→ What is needed: Copying exactly, give the lines in the material below from the one with "Entre Rome et Avignon" to the one with "Dibujo Para Colorear: Panda", ends included, and nothing besides.
BEGIN Listed entries
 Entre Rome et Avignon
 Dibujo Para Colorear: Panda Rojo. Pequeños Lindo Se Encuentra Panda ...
END Listed entries
BEGIN Listed entries
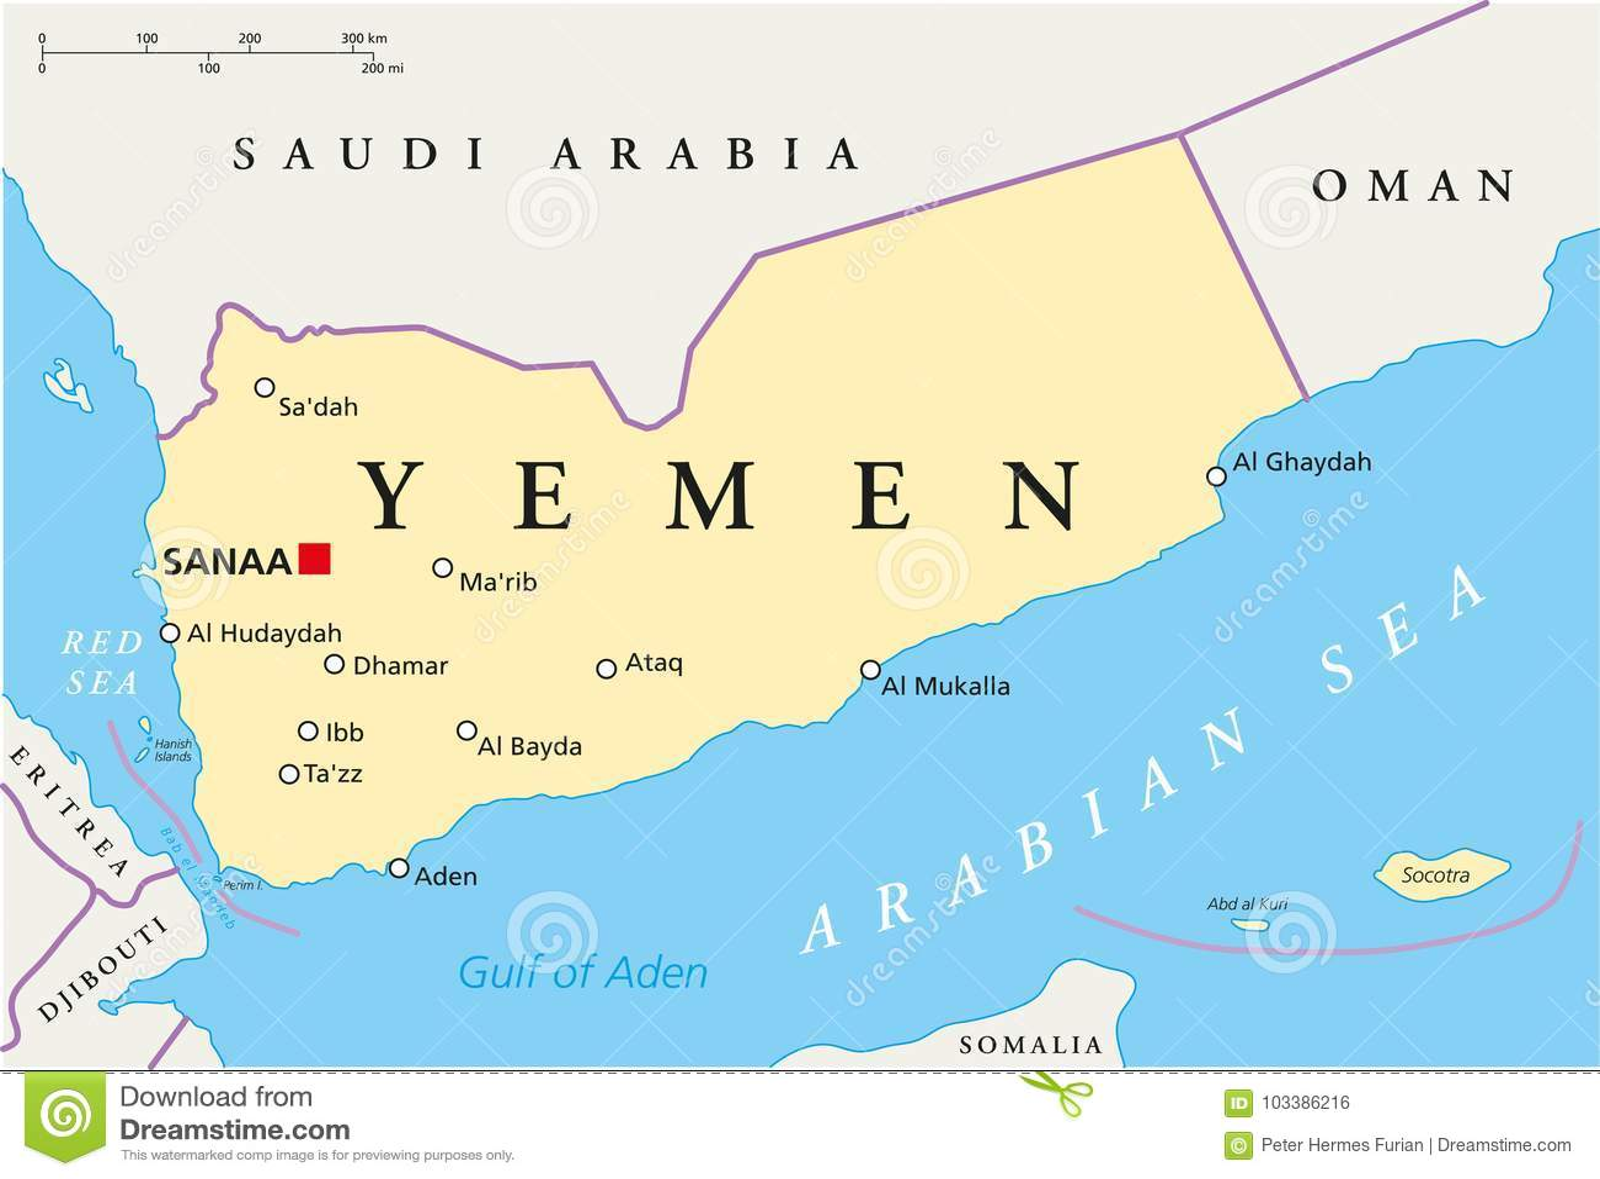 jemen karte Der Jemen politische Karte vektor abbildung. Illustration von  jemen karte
END Listed entries
→ Answer to the problem:
 Entre Rome et Avignon
 Dibujo Para Colorear: Panda Rojo. Pequeños Lindo Se Encuentra Panda ...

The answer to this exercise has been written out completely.